As Professor Costa Pinto explains, Chega’s breakthrough cannot be understood as an isolated electoral shock. “The Chega Party and André Ventura have, in a way, a short history in Portuguese democracy,” he notes, “but over the last four years, the party has gone from one MP and 1.5 percent to 23 percent.” This rapid ascent, he argues, reflects the convergence of long-standing structural conditions—most notably the persistence of conservative authoritarian values in Portuguese society—with a series of destabilizing political crises that created what he calls “populist junctures.”

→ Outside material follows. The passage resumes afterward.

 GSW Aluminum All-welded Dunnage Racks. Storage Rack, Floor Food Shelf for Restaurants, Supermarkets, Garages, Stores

A central theme of the interview is the fragmentation of the center-right, which Professor Costa Pinto identifies as a key enabling factor. Portugal now has “three parties representing the right in Parliament,” and Chega’s strategy is explicitly hegemonic: to replace the traditional center-right as the dominant force. Ventura, Professor Costa Pinto observes, has succeeded because “he was able to mobilize his electorate,” even as his capacity to expand it in a runoff remains uncertain.

The interview also situates Chega within Portugal’s authoritarian legacies without reducing it to a simple revival of Salazarism. While Chega does not openly rehabilitate the Estado Novo (the corporatist Portuguese state installed in 1933), Professor Costa Pinto notes that it selectively draws on the past, particularly through “law and order” and moral authority. “Salazar is presented as the example of a non-corrupt dictator,” Professor Costa Pinto explains, adding that Chega appropriates “the idea of a conservative regime in which law and order prevailed,”while avoiding deeper identification with an unpopular dictatorship.

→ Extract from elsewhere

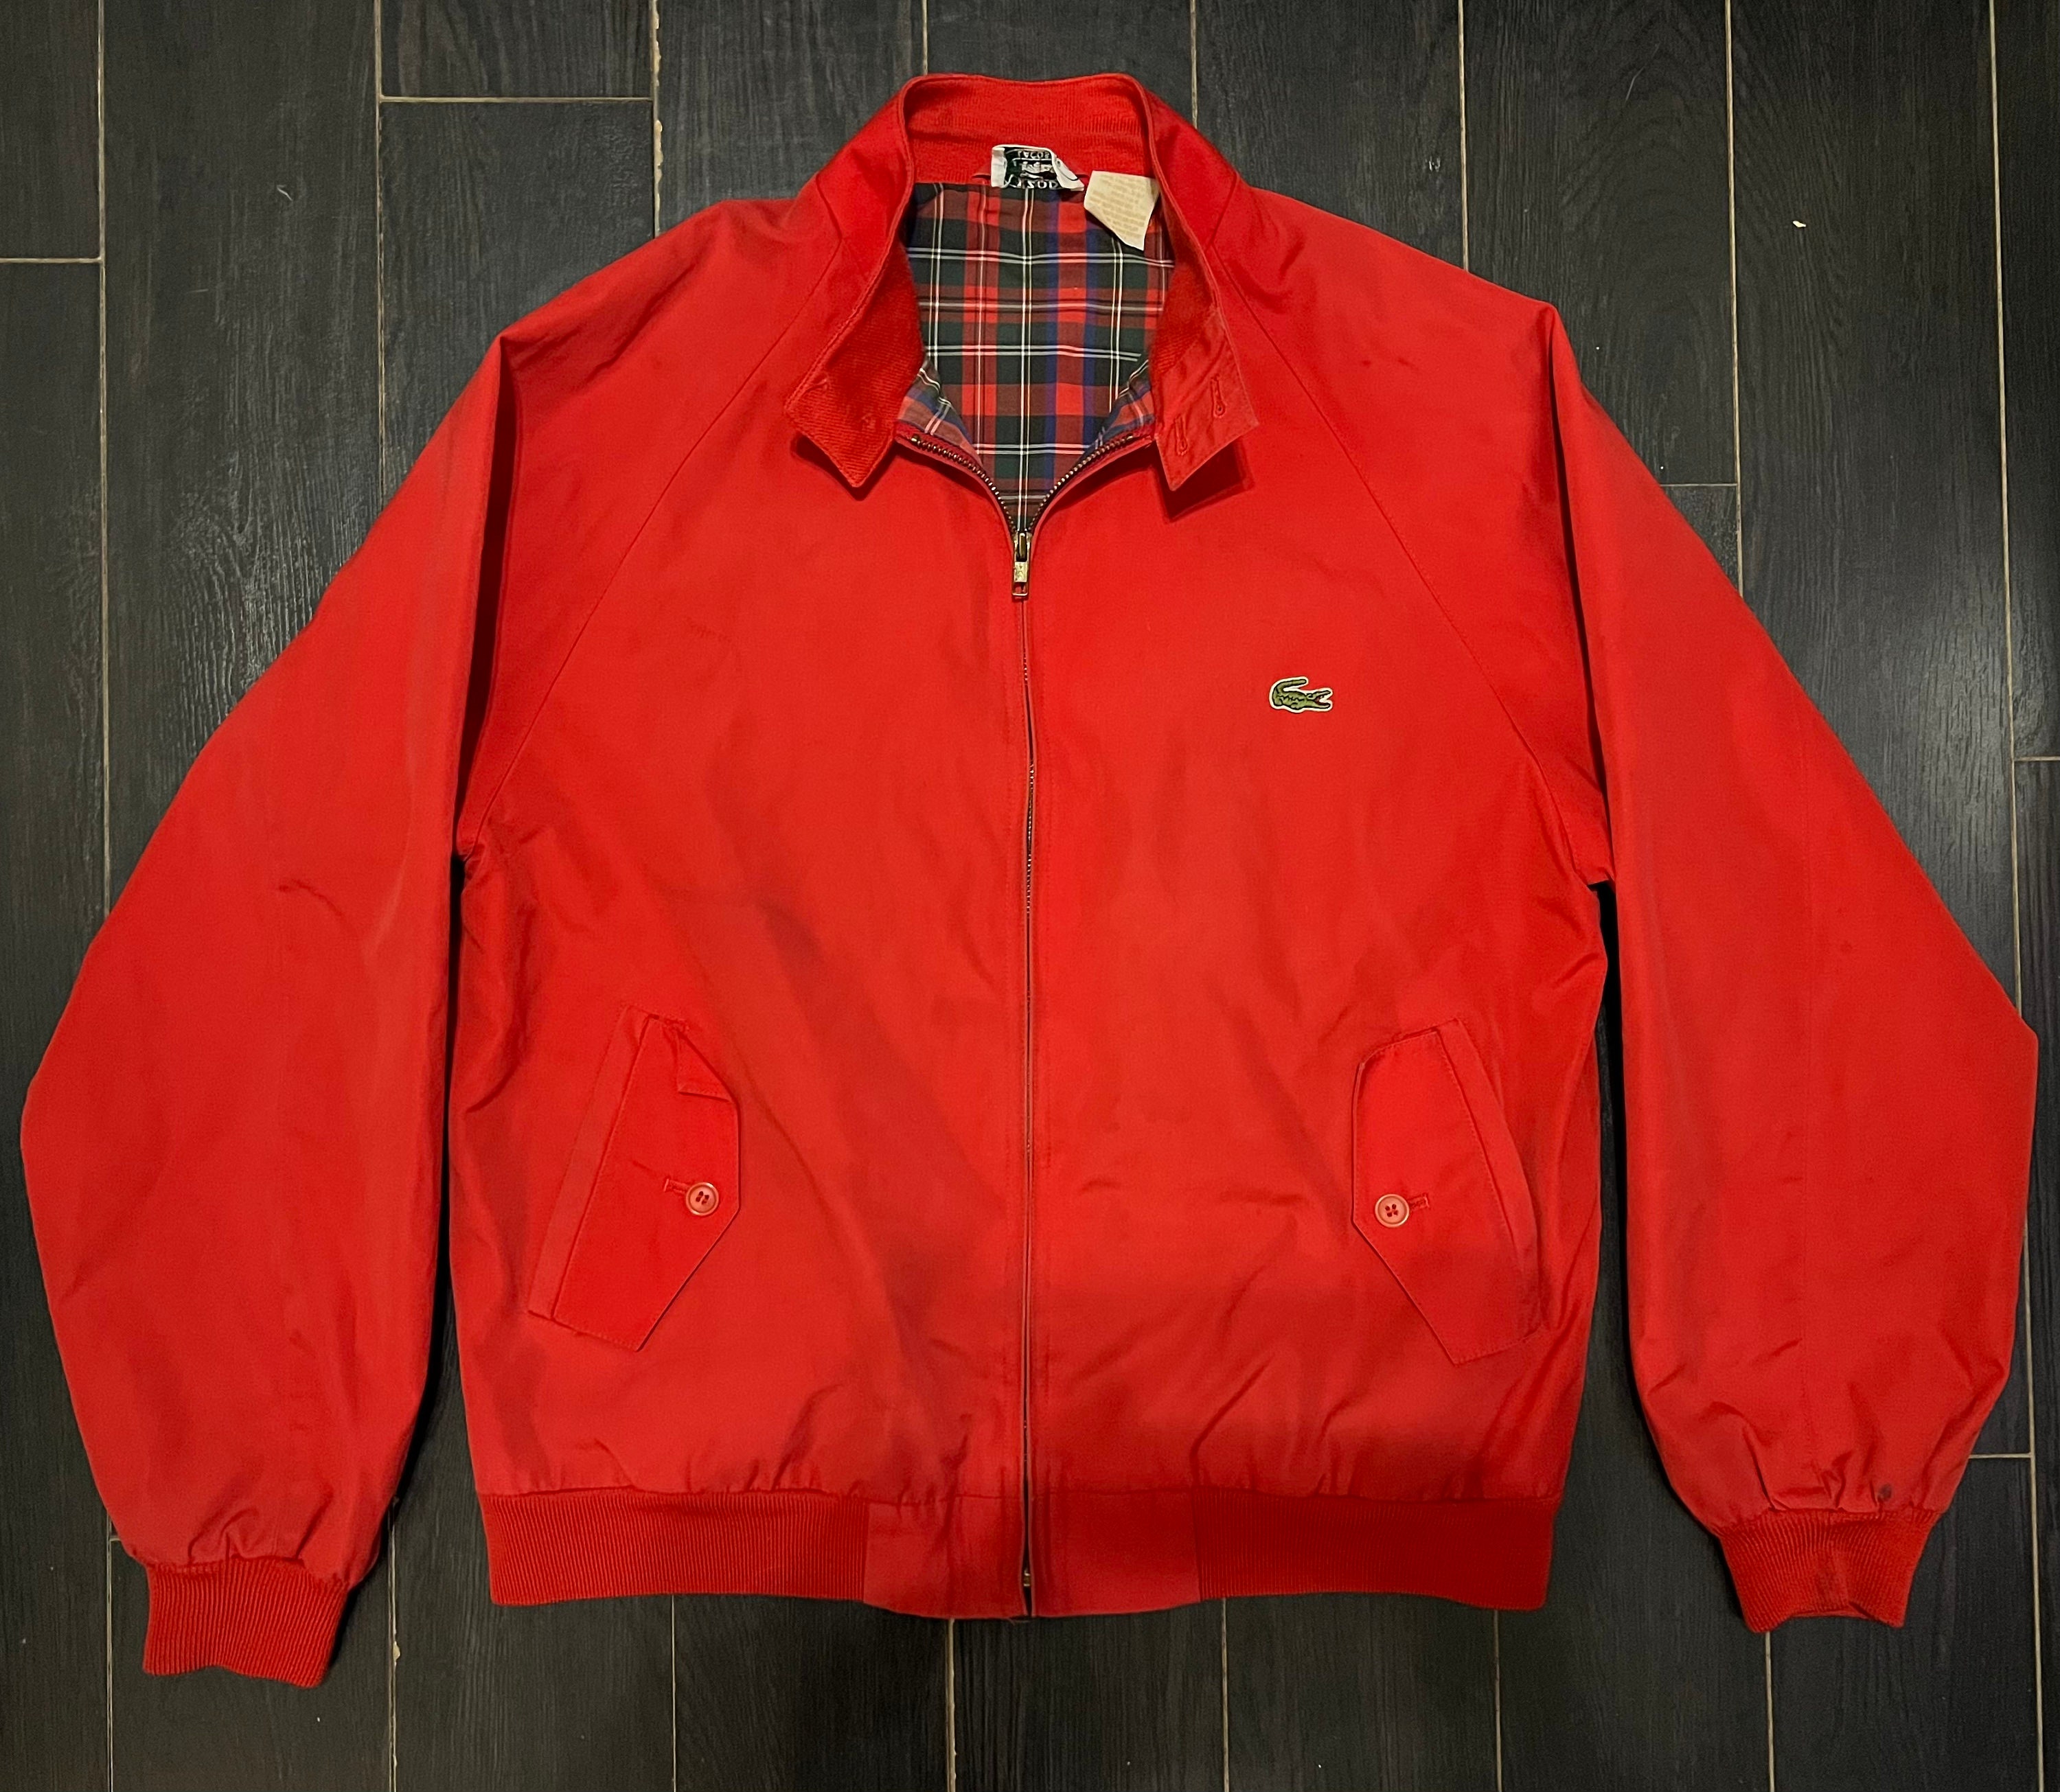 Lacoste Vintage Red Harrington Jacket With Plaid Lining Etsy

Immigration emerges as the party’s most powerful mobilizing issue. According to Professor Costa Pinto, “the central card that Chega has been playing over the last four years—and one that is closely associated with its electoral success—is immigration.” He links this to recent demographic shifts, especially increased migration from South Asia, and to growing anxieties among working-class voters. These dynamics underpin Chega’s welfare chauvinism, which combines statist social policies with exclusionary nationalism.

Crucially, Professor Costa Pinto frames Ventura within a transnational authoritarian constellation. “In a way, Orbán is the model for Ventura,” he states plainly. “The type of regime that Ventura would seek to consolidate in Portugal… is precisely the kind of competitive authoritarian regime that Orbán has managed to establish in Hungary.” While Trumpist styles and Bolsonaro’s experience in Brazil matter symbolically, Professor Costa Pinto stresses that Ventura adapts these influences pragmatically to Portuguese political culture.

Ultimately, the interview raises pressing questions about democratic resilience. While Professor Costa Pinto believes that Ventura is unlikely to win the presidency, he cautions that “the game is not over” on the right. Portugal, he concludes, faces a period of sustained uncertainty—one in which democratic institutions remain intact, but increasingly contested.